Every line of the listing should be retyped exactly, but none of the pictures should be.

# [RECORDED DATA]
..........

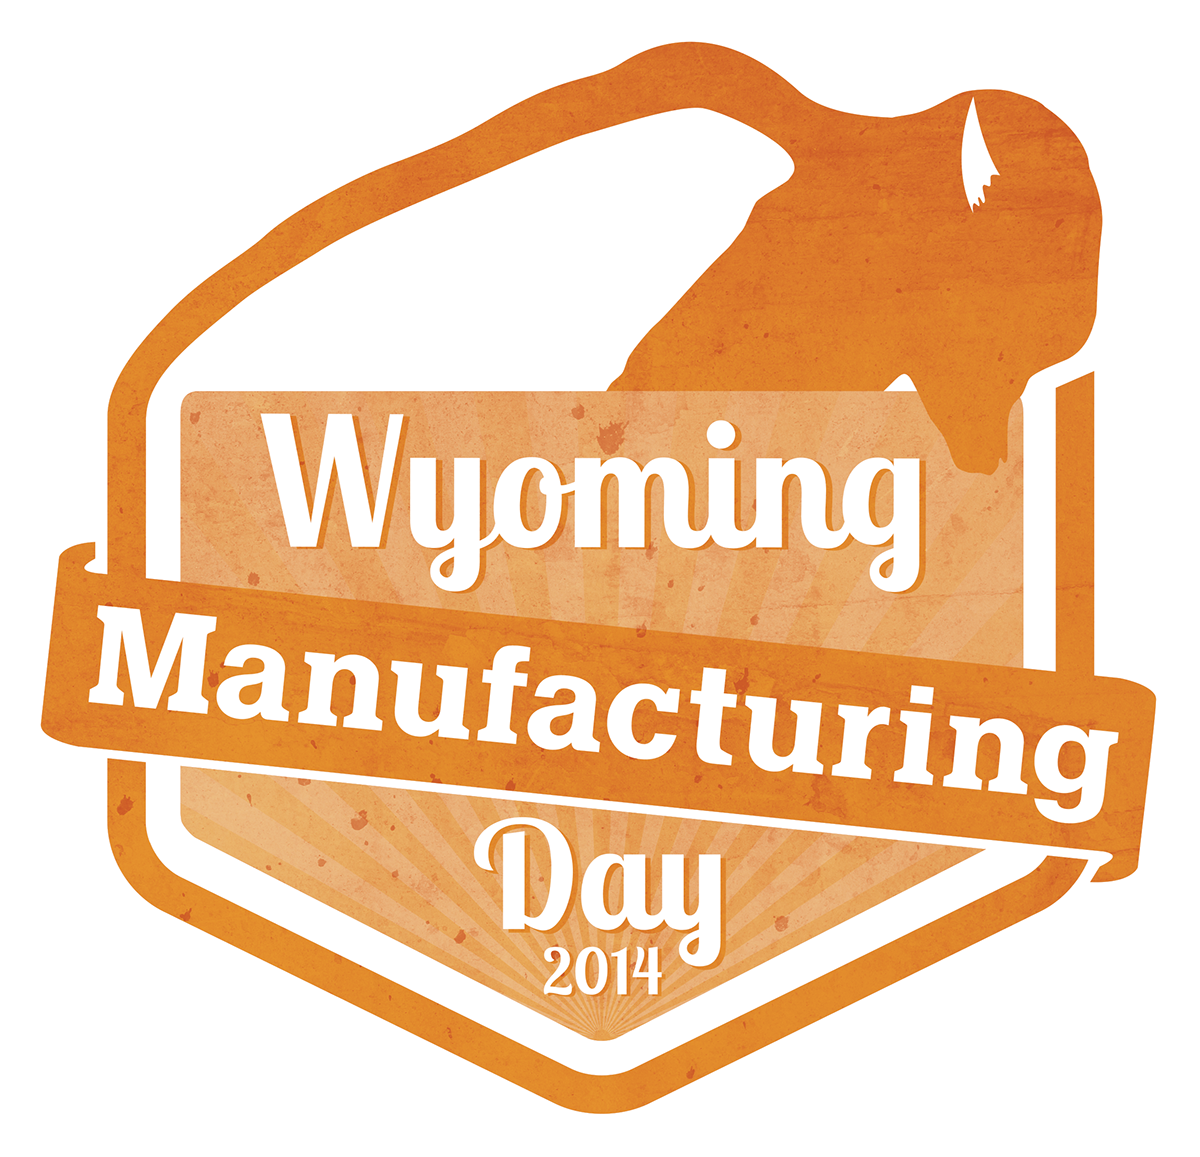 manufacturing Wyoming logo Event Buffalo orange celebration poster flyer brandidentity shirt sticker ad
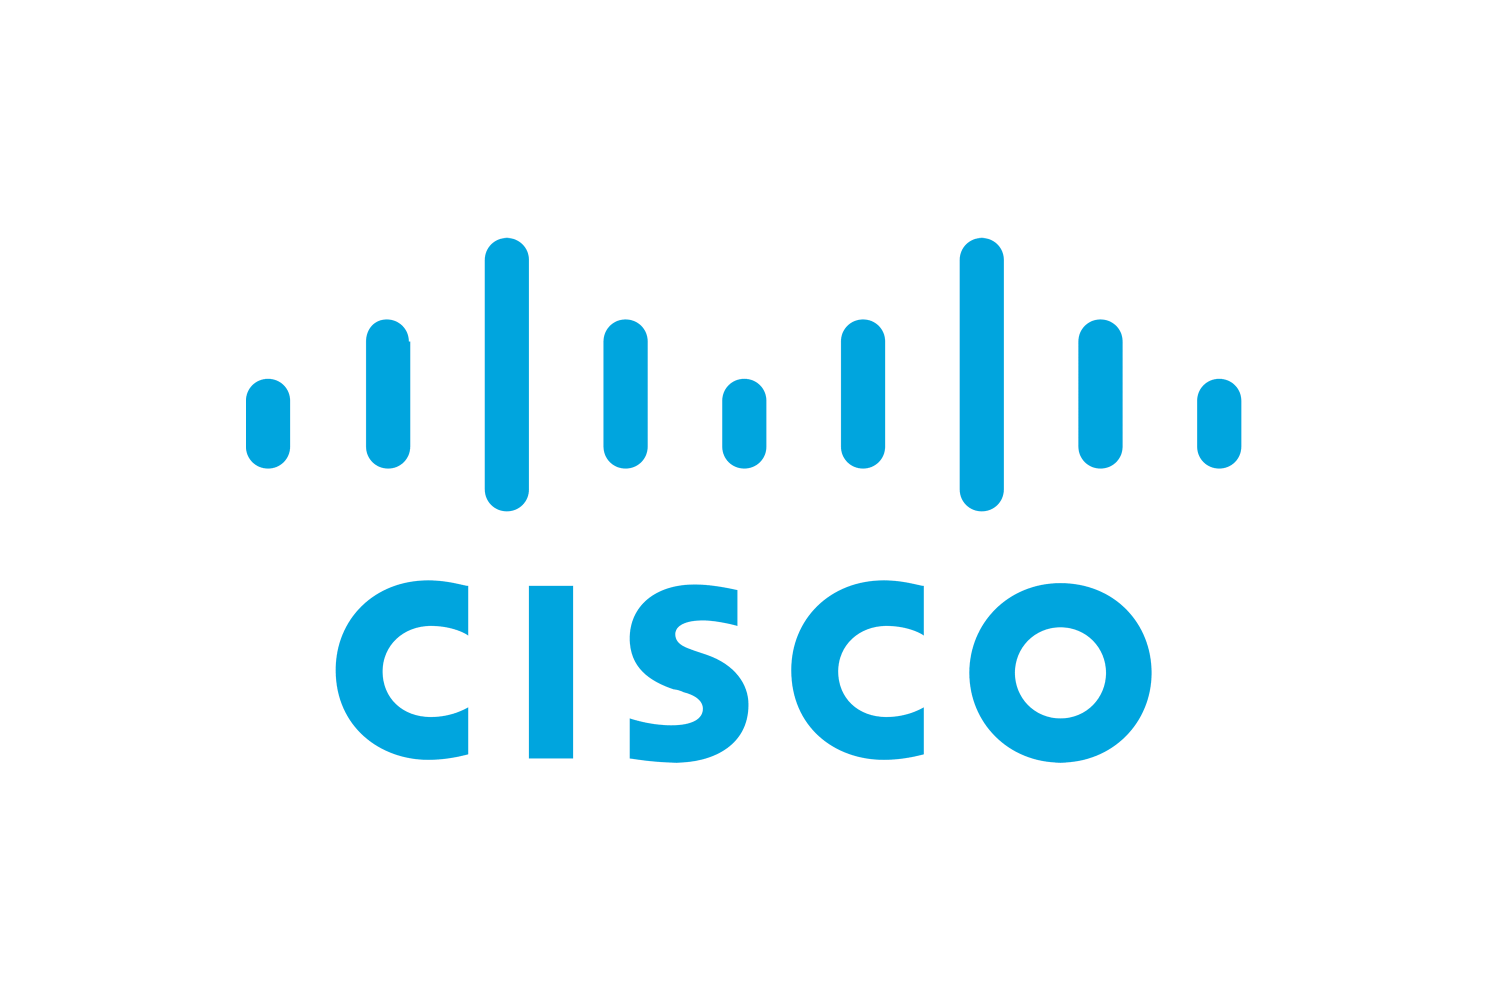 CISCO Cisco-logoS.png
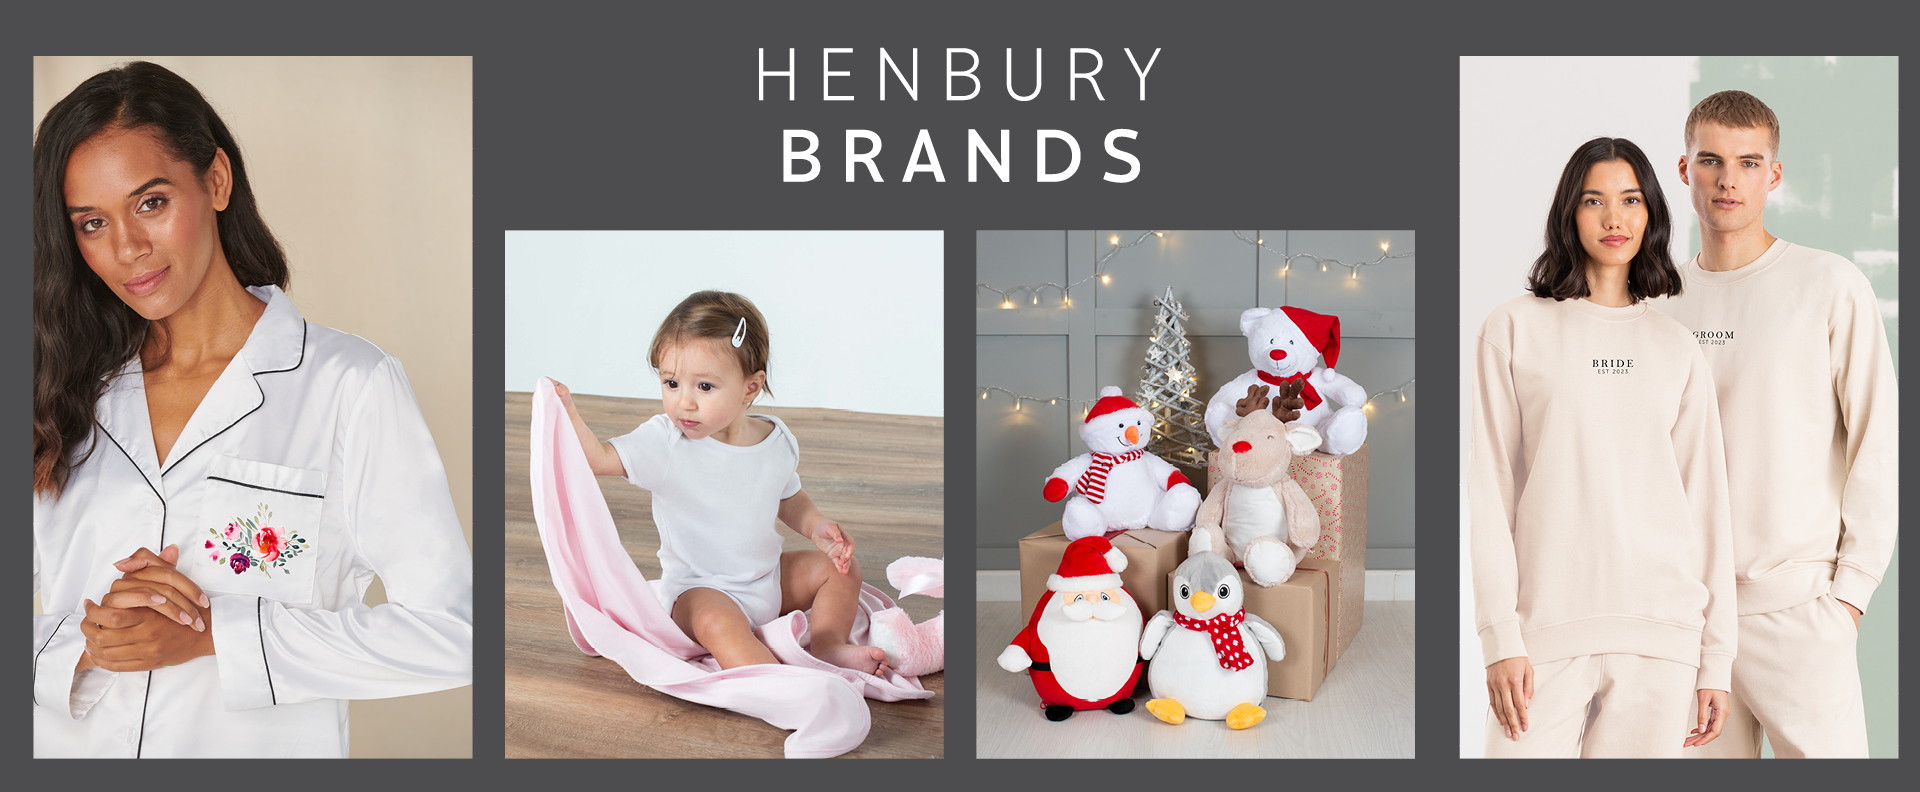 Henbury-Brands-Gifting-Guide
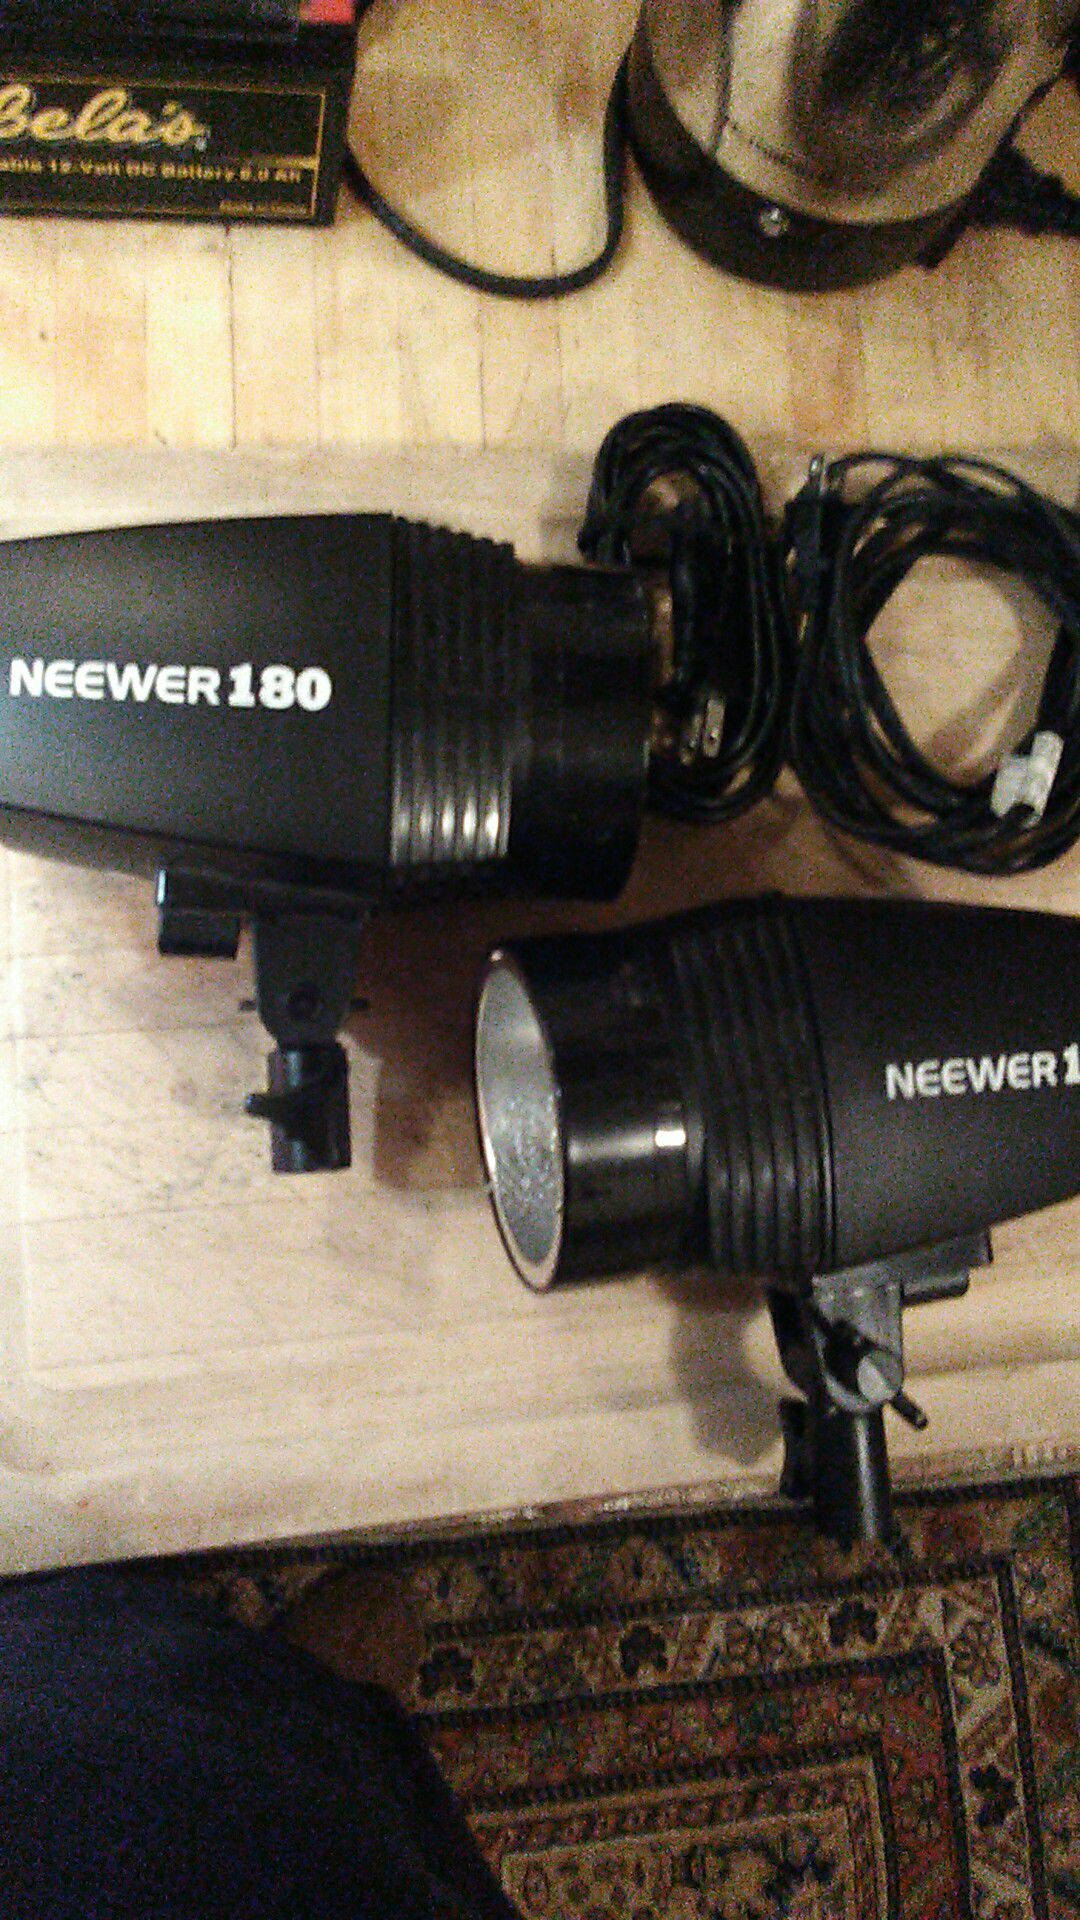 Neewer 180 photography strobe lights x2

..........

# [TASK RESPONSE]
 manufacturing Wyoming logo Event Buffalo orange celebration poster flyer brandidentity shirt sticker ad
 CISCO Cisco-logoS.png
 Henbury-Brands-Gifting-Guide
 Neewer 180 photography strobe lights x2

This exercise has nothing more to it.